+++ Data +++
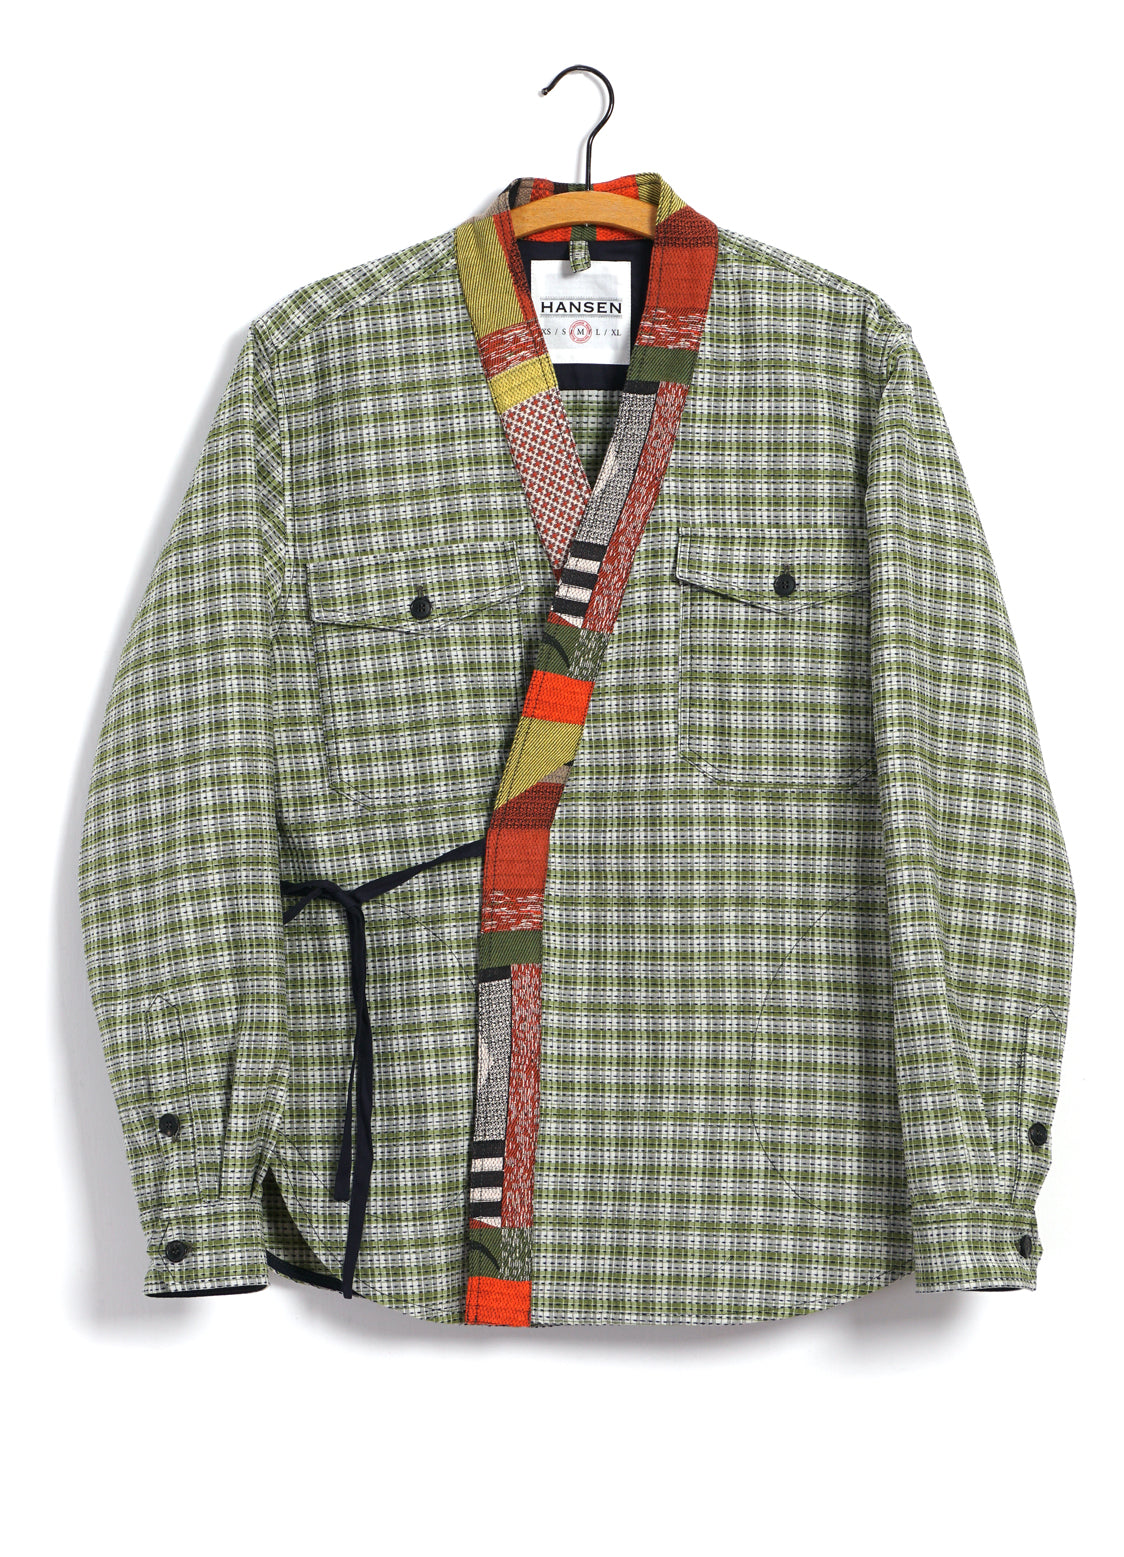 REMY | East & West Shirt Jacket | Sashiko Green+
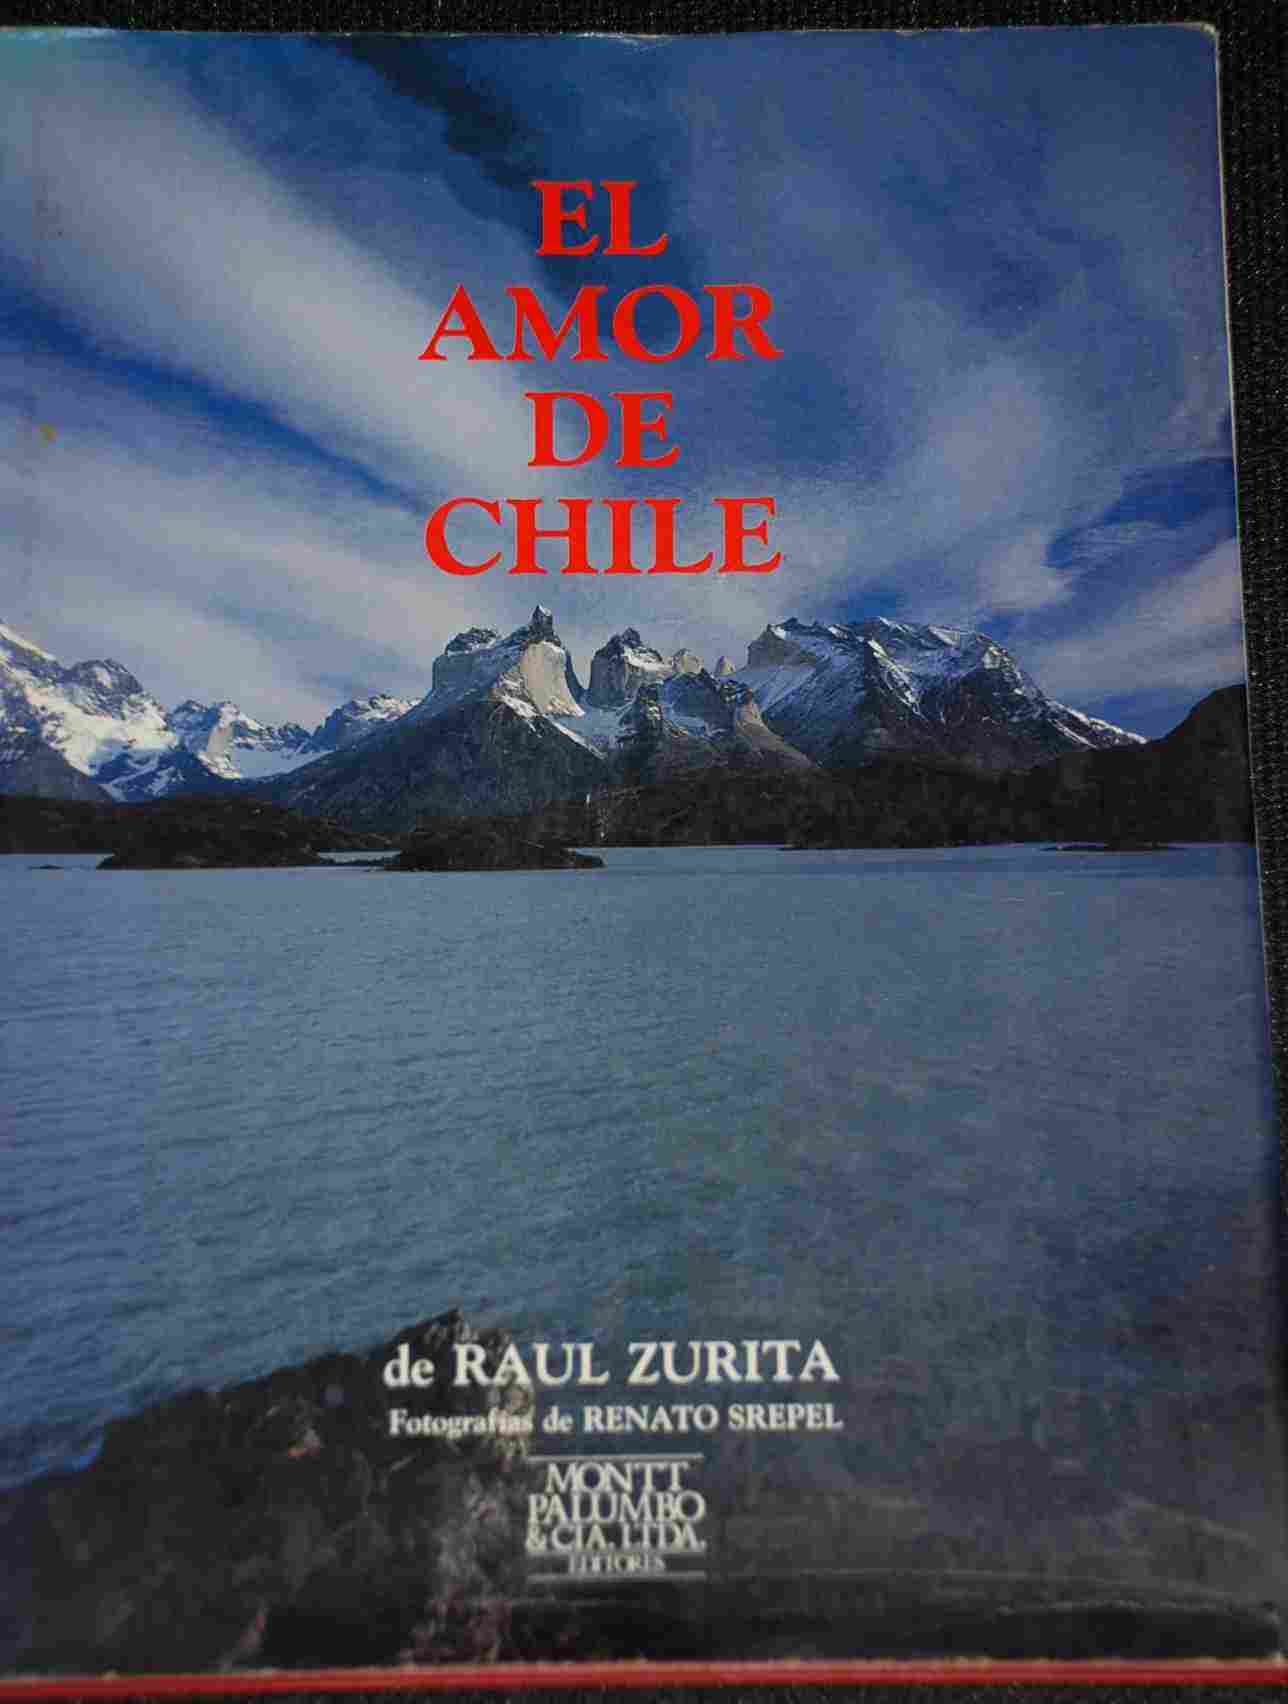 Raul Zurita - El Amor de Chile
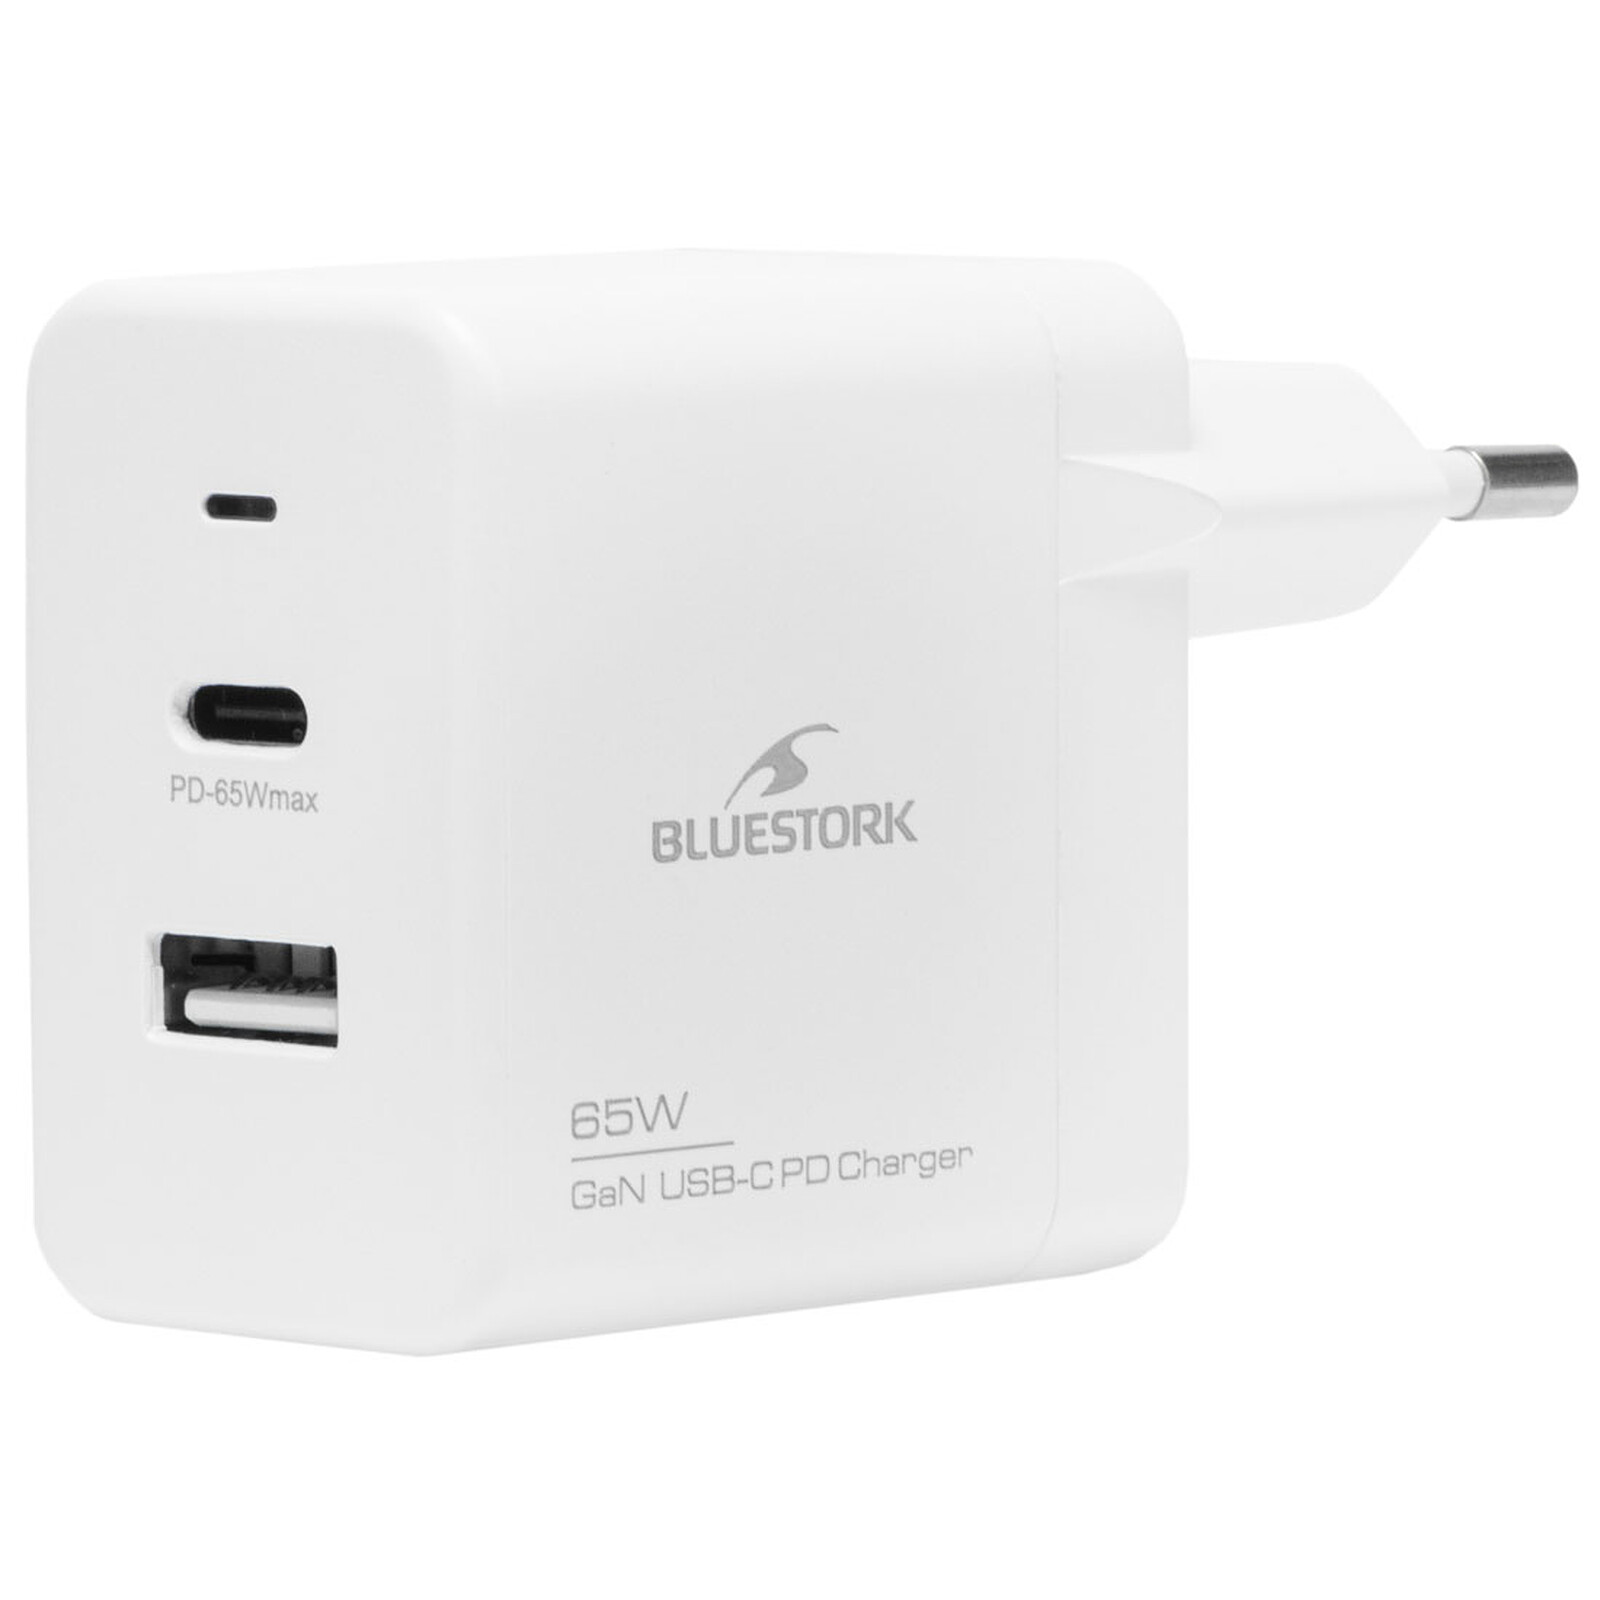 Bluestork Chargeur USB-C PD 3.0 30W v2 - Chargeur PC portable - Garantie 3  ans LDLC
+++
# Problem to solve:
Return all the lines above exactly; none of the pictures should appear.

# Response box:
 REMY | East & West Shirt Jacket | Sashiko Green+
 Raul Zurita - El Amor de Chile
 Bluestork Chargeur USB-C PD 3.0 30W v2 - Chargeur PC portable - Garantie 3  ans LDLC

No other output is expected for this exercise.